Corriere della Sera - La Lettura
Valori (e popoli) in via d’estinzione
Tra i concetti in via d’estinzione, la speranza è il più restio ad abbandonare il campo, coerentemente con il motto popolare che la speranza è l’ultima a morire. Resiste, poiché la sua resa significherebbe l’annullamento di ogni prospettiva futura, sacrificata sull’altare dell’emergenza continua. Accorciare il futuro, atrofizzarlo nell’inaridirsi di ogni progetto, è letale per quest’ultima dea, dimenticata sul fondo del vaso di Pandora a consolare gli uomini ossessionati dalla paura e a farli sognare.
Paura e speranza sono sempre state legate: per vincere la paura e sopportarne le conseguenze, si spera. Per Seneca la paura segue la speranza ( spem metus sequitur) e Baruch Spinoza, agli albori della modernità, vede il popolo riunirsi sotto un unico sovrano «più per speranza che per paura» ( maiori spe quam metu). La costruzione della modernità avviene facendone il volano della società e recuperando in chiave laica l’idea cristiana della speranza di salvezza.
L’attribuzione di un senso profano alla speranza, cogliendo un aspetto culturale già sedimentato nelle coscienze, è una delle ragioni del rapido successo dell’etica borghese, innestata su un corpus già esistente, dove l’affiancamento alla tecnica tende a sostituire la paura religiosa con la paura più concreta per la macchina.

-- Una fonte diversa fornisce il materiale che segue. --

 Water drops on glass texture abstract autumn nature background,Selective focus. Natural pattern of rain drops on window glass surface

Il più grande inno alla speranza è stato elevato da Ernst Bloch con Il principio speranza, un’opera colossale di oltre 1.600 pagine, l’ultima occasione della modernità di esprimersi al suo meglio prima del declino. È un’ope- ra ottimista; di quell’ottimismo della volontà che deriva dalla fede ideologica. Bloch, che aveva accolto con perplessità gli esiti della rivoluzione bolscevica, scende in campo con questo lavoro della maturità, scritto tra il 1938 e il 1959, che risente dell’impronta del «socialismo reale» nel periodo stalinista. La speranza che scaturisce da questa energica visione del mondo con ambizioni totalizzanti è progressista e fiduciosa nella vittoria di un socialismo umanitario. Bloch non coniuga paura e speranza; la paura appare superata o, meglio, rimossa dalla coscienza.
Tuttavia quelle certezze, così faticosamente ricostruite con la costanza della ragione, sono tornate a disperdersi con la crisi della modernità. Ora la speranza si è arresa, non guarda più lontano; così la paura trionfa e con la paura l’individuo torna a preoccuparsi della propria sopravvivenza, egoisticamente. Un’ansia che spinge a bruciare tutto subito, senza progettare, senza investire, senza attendere.

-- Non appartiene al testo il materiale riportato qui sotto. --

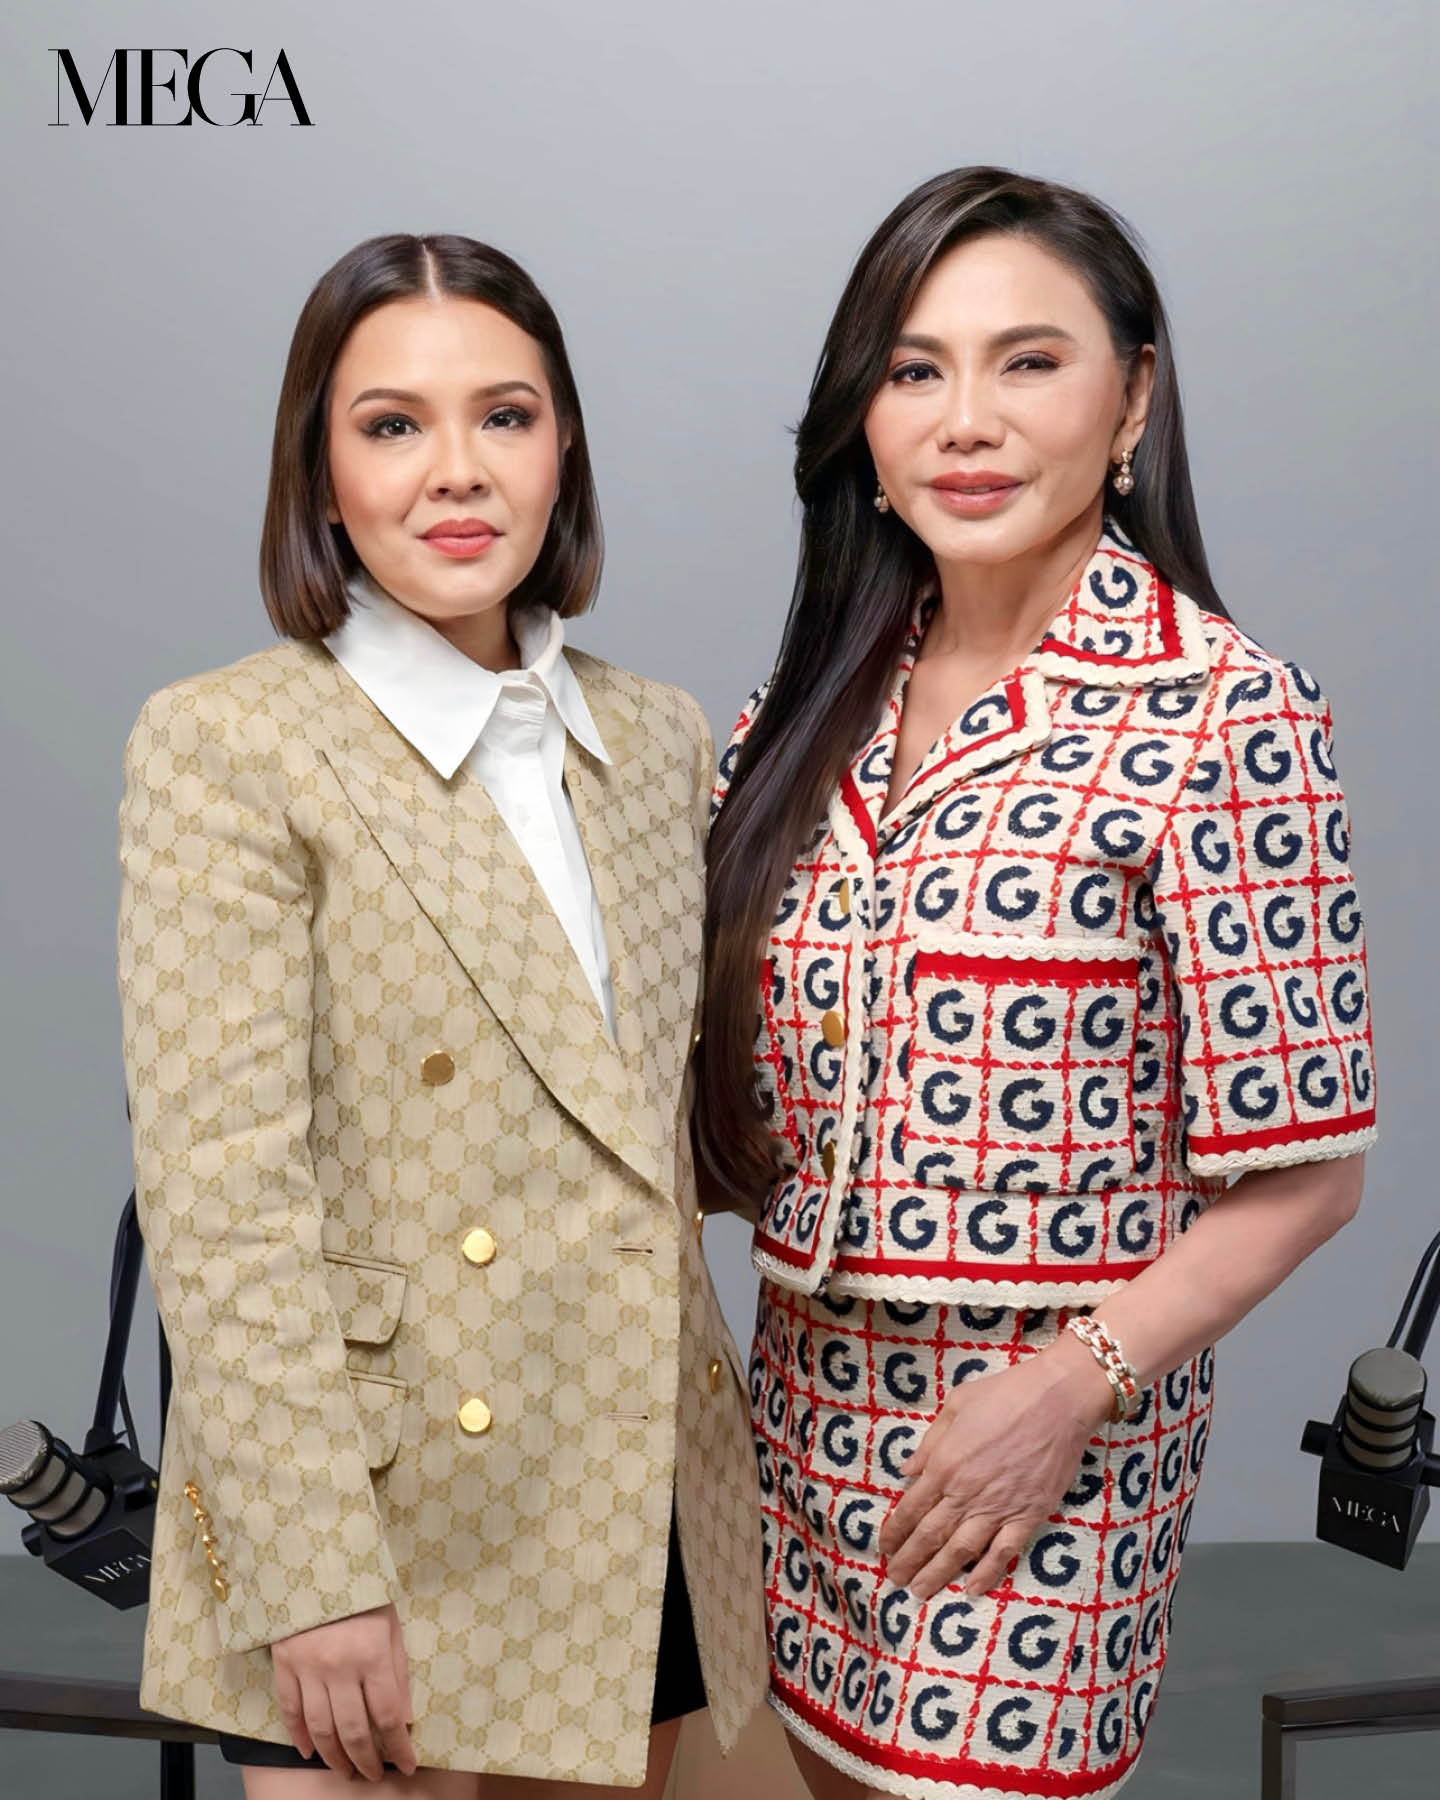 MEGA Magazine Editor-in-Chief Peewee Reyes-Isidro with multi-hyphenate Dr. Vicki Belo on the set of MEGA: The Next Move

La speranza è inattuale perché più nessuno vuole aspettare. Siamo di fronte al crollo di tutte le virtù civili legate alle aspettative sociali: la fiducia, la pazienza, la responsabilità. Tutte intimamente collegate alla speranza e inevitabilmente destinate a declinare, superate dalla fretta di vivere (avere, riuscire, consumare, godere) che impone ritmi innaturali.

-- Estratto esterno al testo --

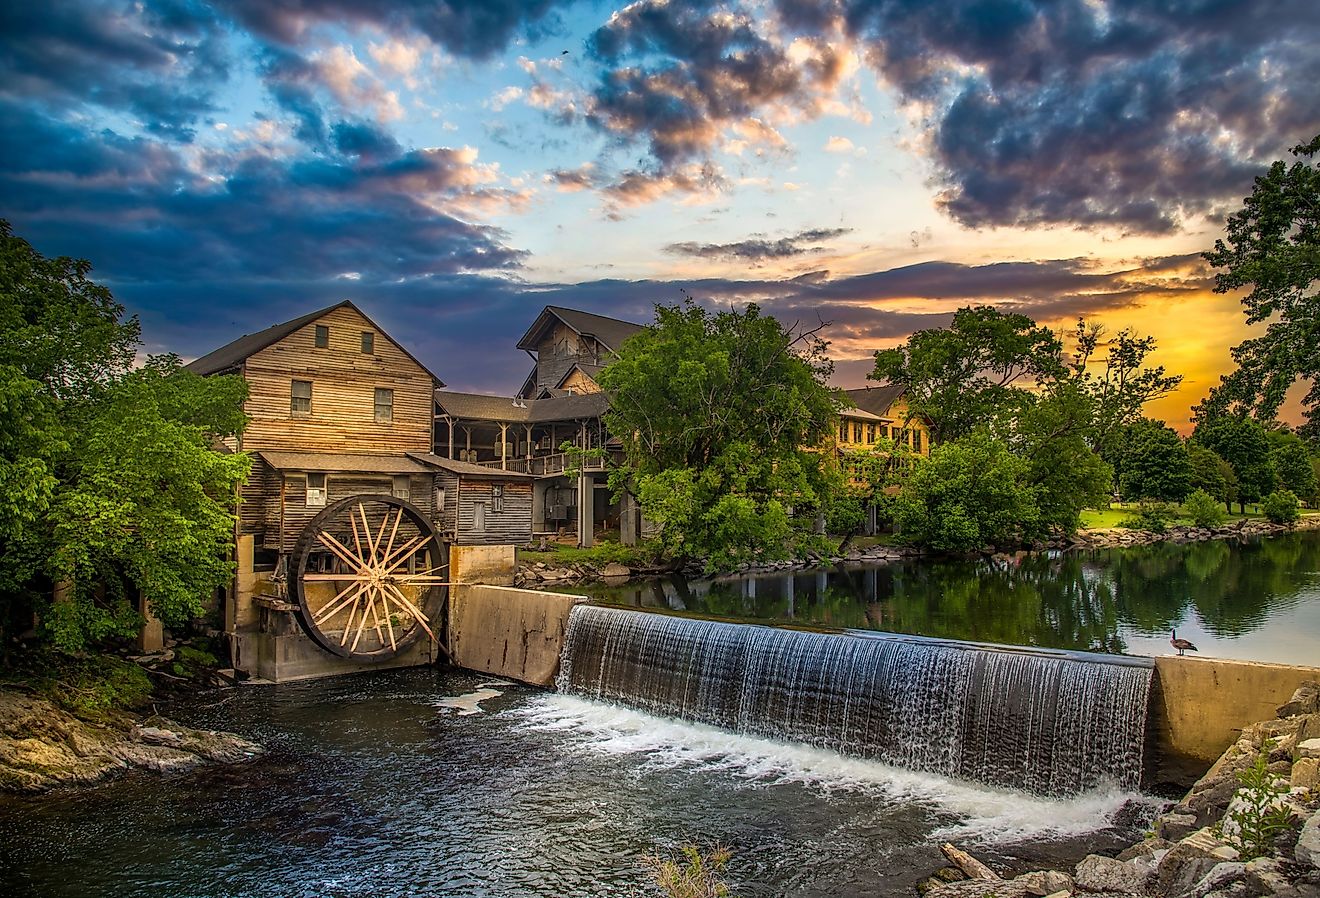 The old mill in Gatlinburg, Tennessee and a duck on the surface of the water.

Questo rapido mutamento di passo, accelerando i processi economici, le relazioni personali e le comunicazioni, ha dato l’impressione di una «liquidità» sociale, che è invece l’effetto di una velocizzazione forsennata senza neppure il tempo di riflettere. In attesa che il cervello umano si adegui alla nuova modalità, la speranza resta seduta, le ali piegate, come nell’immagine fissata da Andrea Pisano sulle porte del Battistero di Firenze: stanca di aspettare, le braccia alzate nel vano tentativo di fermare il tempo che le sfugge.